M, et al, 1999; Ko YH, et al, 2016). Mayoritas dari baktermia pada infeksi saluran kemih

disebabkan oleh bakteri gram negatif, dimana tingginya jumlah bakteri akan mempengaruhi

jumlah lipopolisakarida bebas dan endotoksin yang pada akhirnya mempengaruhi kadar serum

prokalsitonin (Nieuwkoop CV, et al, 2010). Konsentrasi PCT berhubungan dengan tingkat

keparahan disfungsi organ multiple yang merupakan akibat dari inflamasi sistemis yang

ditimbulkan oleh infeksi (Meisner, et al, 1999; Matthiaou, et al, 2012). PCT efektif untuk

mengidentifikasi etiologi bakteri dan tingkat keparahan infeksi (Lee, 2013). Namun beberapa

pasien mengalami perburukan kondisi umum hanya dalam waktu satu hari, dan memerlukan

tindakan intervensi emergensi, penelitian terbaru menunjukkan bahwa kadar serum prokalsitonin

meningkat secara signifikan pada pasien dengan infeksi saluran kemih yang mengalami

obstruksi, dibandingkan dengan pasien infeksi saluran kemih tanpa obstruksi, menunjukan

potensi prokalsitonin sebagai biomarker yang berguna bagi klinisi untuk cepat mengambil

keputusan dalam menentukan waktu yang tepat untuk melakukan tindakan intervensi pada pasien

dengan infeksi saluran kemih dengan obstruksi (Sugimoto K, et al 2013). Penggunaan PCT

diharapkan dapat mengurangi biaya yang digunakan untuk pemeriksaan kultur darah dan urine,

serta mengurangi lama perawatan di rumah sakit, yang pada akhirnya mengurangi keseluruhan

biaya medis.

2.4 White Blood Cell (WBC)

Leukosit adalah sel darah putih yang membentuk komponen darah dan merupakan bagian dari

sistem kekebalan tubuh dimana infeksi akan meng aktivasi sistem komplemen yang memicu
respons pro inflamasi yang salah satunya akan menstimulasi pembentukan netrofil granulosit.

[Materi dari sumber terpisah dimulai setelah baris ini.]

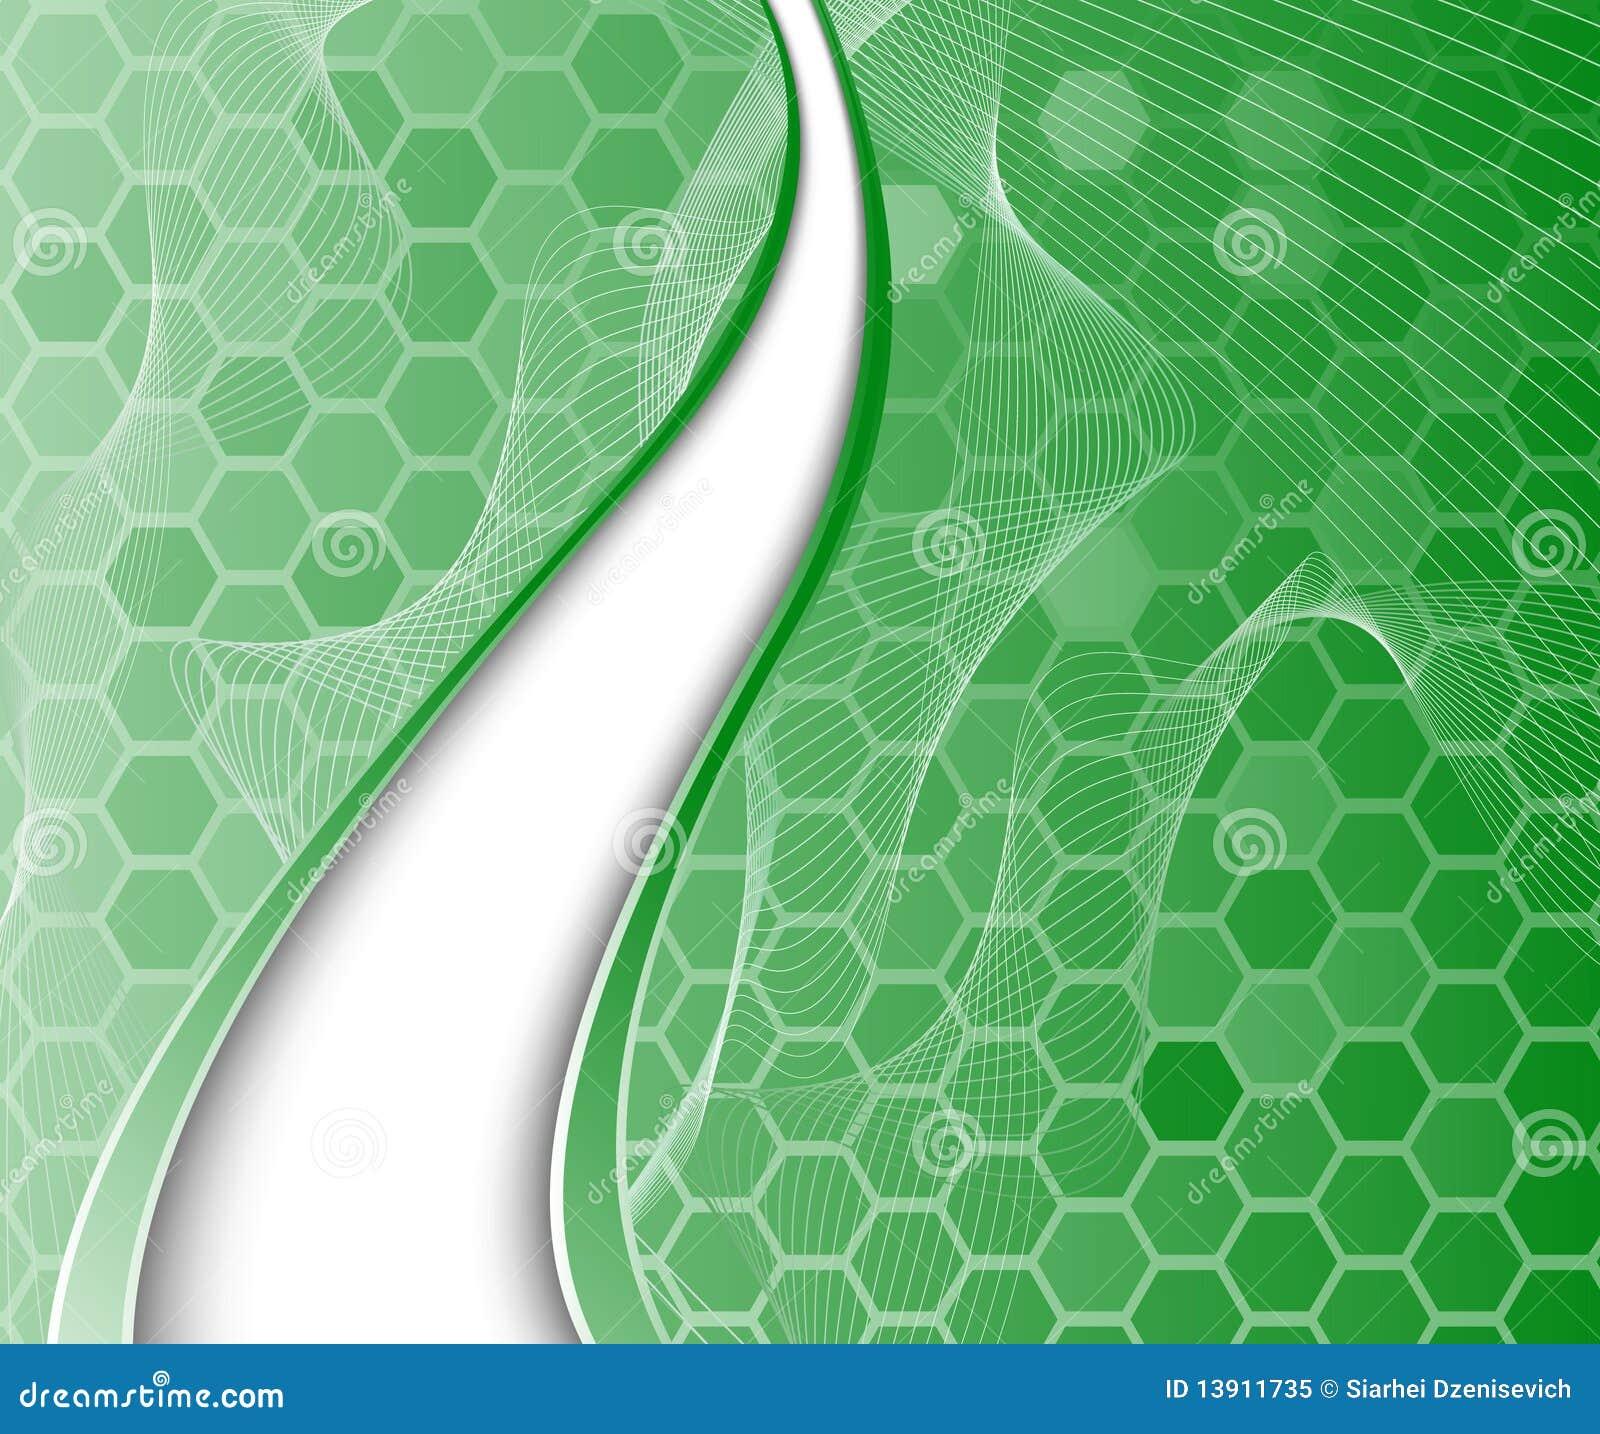 green wave clip art - photo #50

Meskipun WBC banyak dijadikan patokan utuk mendiagnosis infeksi akut, pemeriksan

laboratorium ini bukan merupakan marker inflamasi yang spesifik dan tidak dapat diandalkan

untuk membedakan infeksi bakteri dari infeksi virus dan penyebab peradangan non spesifik

lainnya.

Gambar 2.1. Patofisiologi Urosepsis (modifikasi dari Dreger, et al, 2015

2.5 Nitrit Urine (NU)


Nitrit urine timbul karena bakteri yang menyebabkan infeksi saluran kemih membuat

enzim reduktase yang mengubah nitrat menjadi nitrit. Nitrit urine juga dapat dijadikan tanda

adanya infeksi bakteri pada traktus urinarius. Namun Kontaminasi pada sampel, obtruksi total

saluran kemih bagian atas, dan keberadaan bakteri nitrit negatif dapat menyebabkan salah

interpretasi pada pemeriksaan urinalisa (Papagiannopoulos, et al, 2016).